### Input data
════════

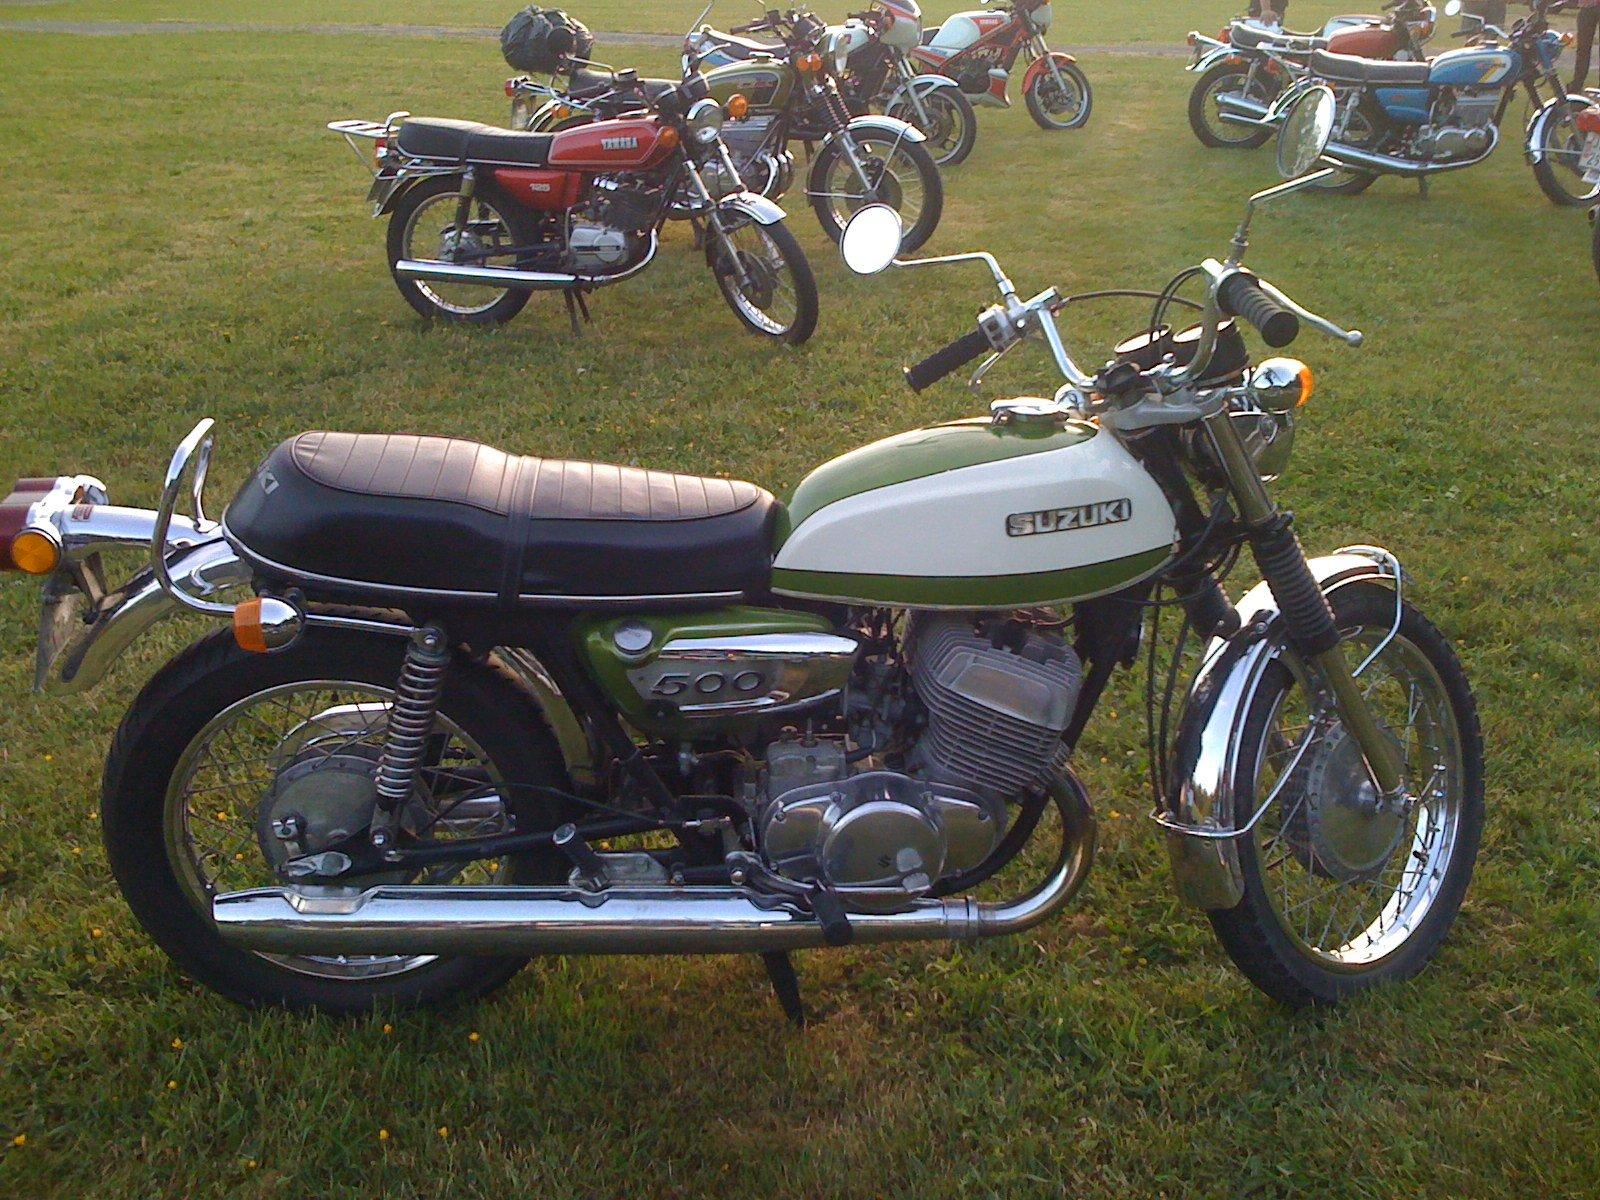 Suzuki RG150R 1997
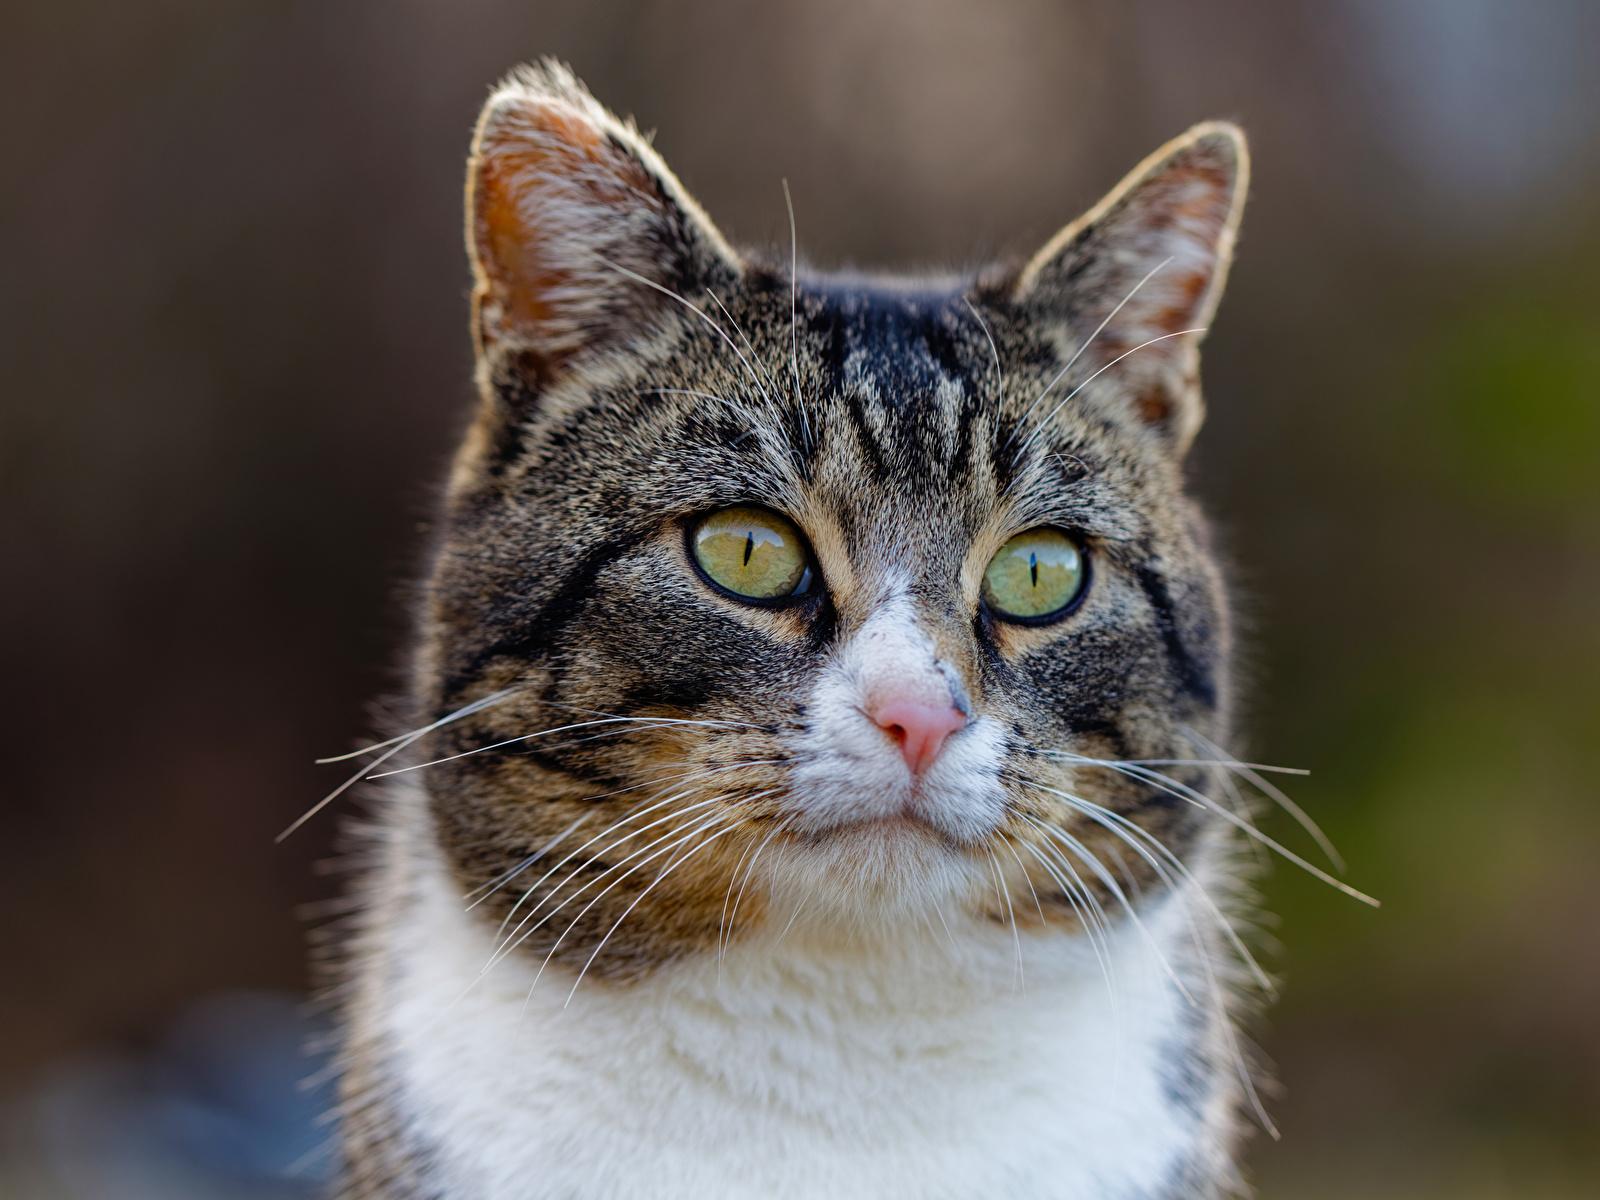 Картинка Кошки боке Усы Вибриссы Морда смотрит животное 1600x1200 кот коты кошка Размытый фон морды Взгляд смотрят Животные
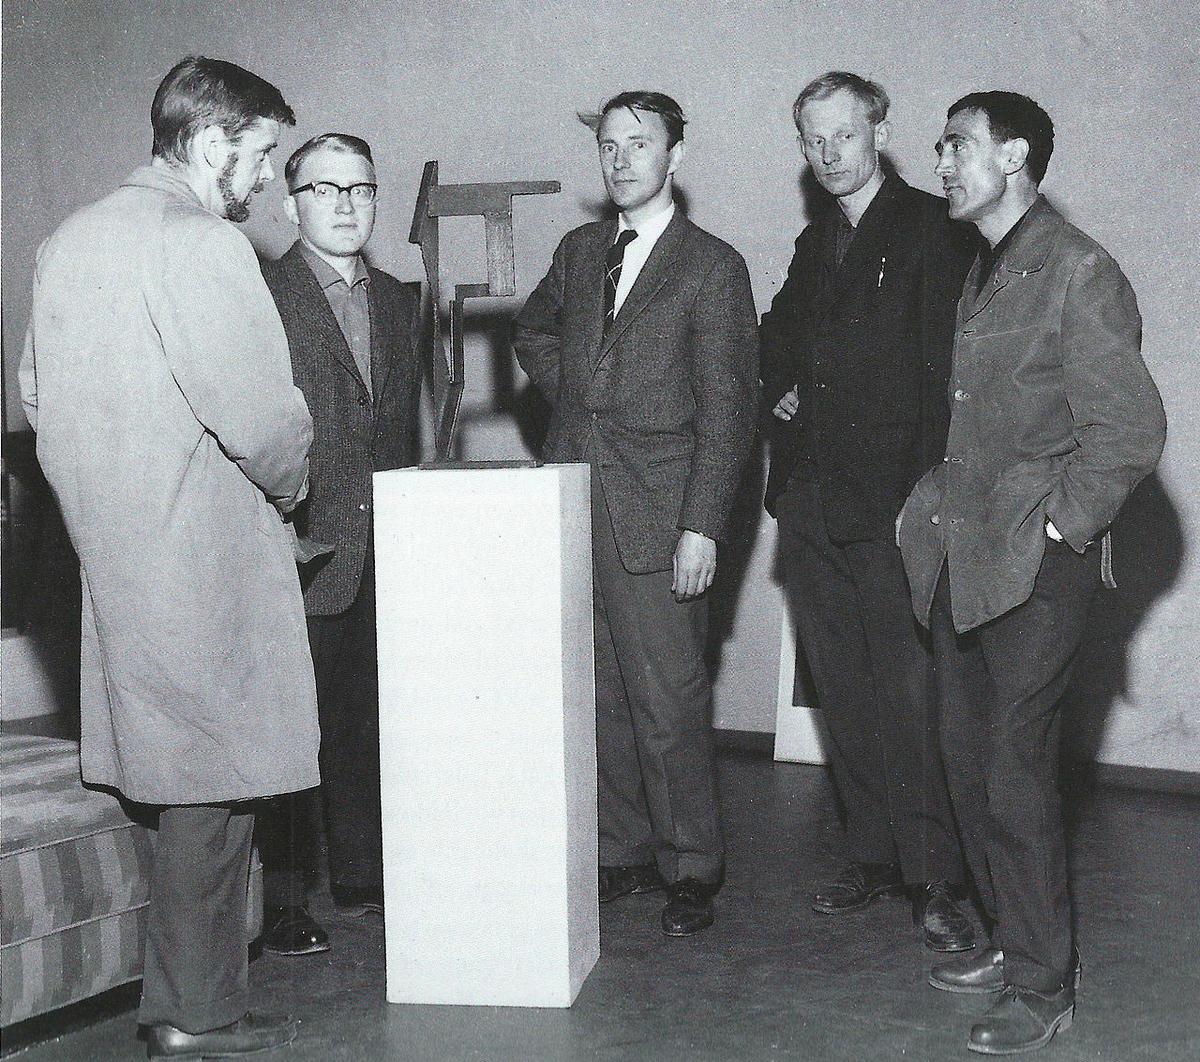 Medlemmene av Gruppe 5 samlet rundt en abstrakt skulptur av Ramon Isern. Fra venstre: Lars Tiller, Halvdan Ljøsne, Roar Wold, Håkon Bleken og Ramon Isern.
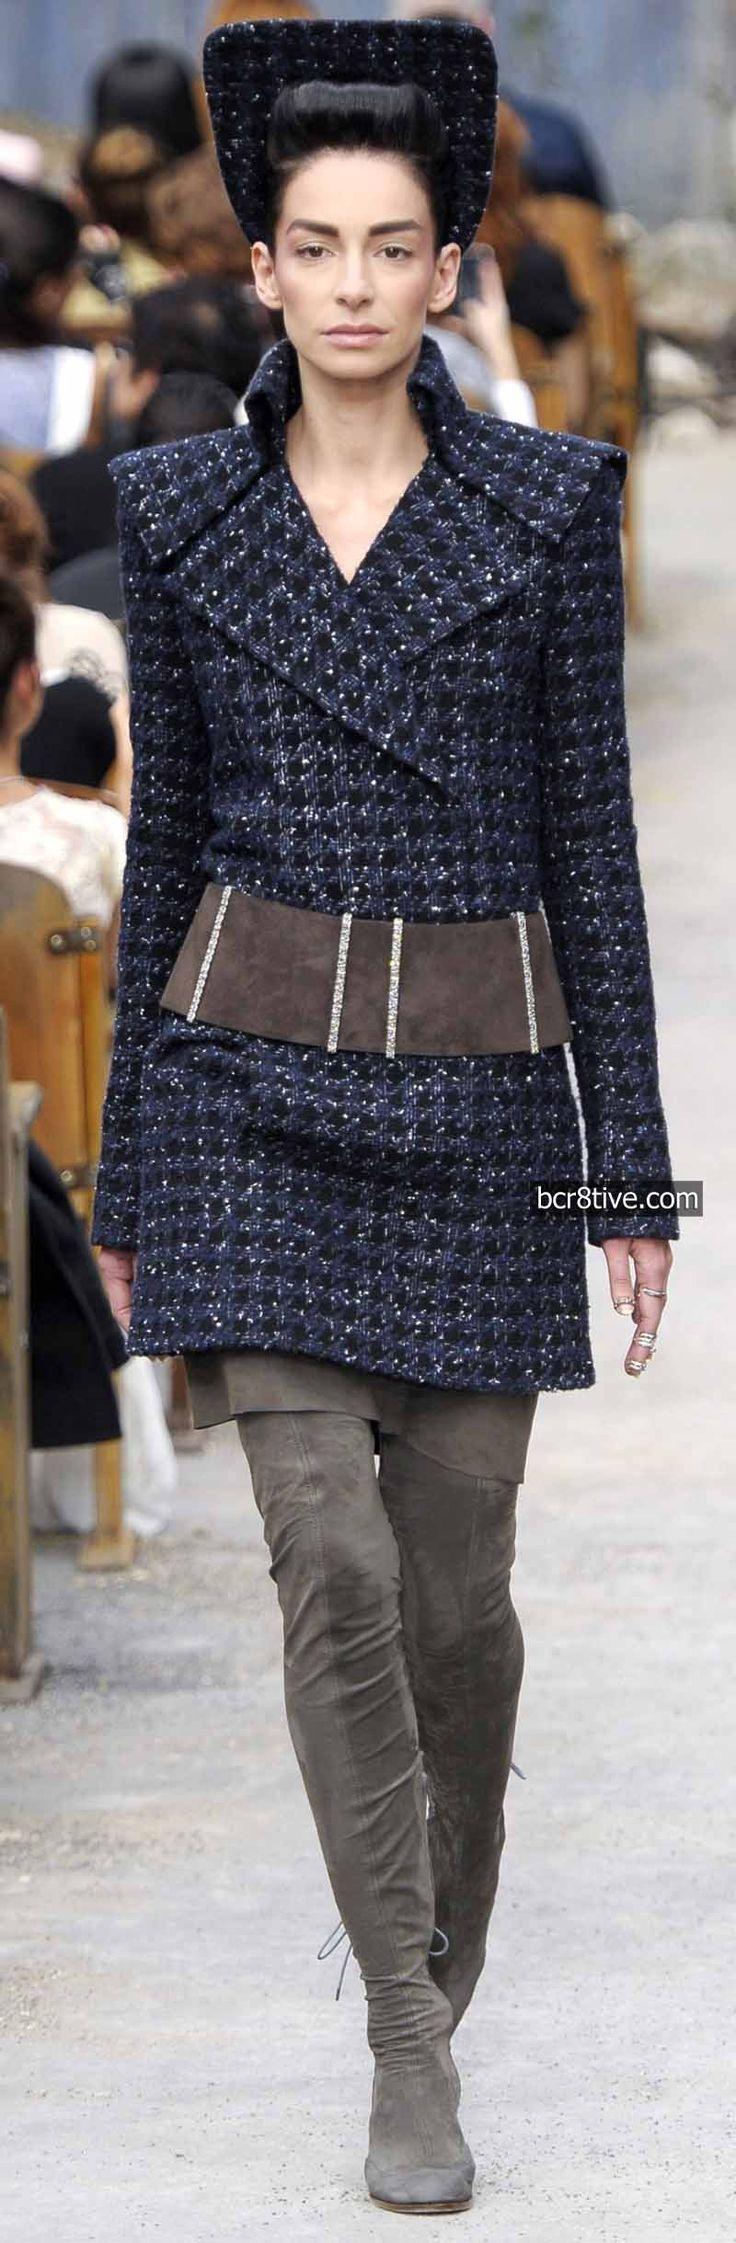 Chanel Fall Winter 2013-14 Haute Couture

════════

Return the listing above in full and unaltered. Keep the pictures out.

 Suzuki RG150R 1997
 Картинка Кошки боке Усы Вибриссы Морда смотрит животное 1600x1200 кот коты кошка Размытый фон морды Взгляд смотрят Животные
 Medlemmene av Gruppe 5 samlet rundt en abstrakt skulptur av Ramon Isern. Fra venstre: Lars Tiller, Halvdan Ljøsne, Roar Wold, Håkon Bleken og Ramon Isern.
 Chanel Fall Winter 2013-14 Haute Couture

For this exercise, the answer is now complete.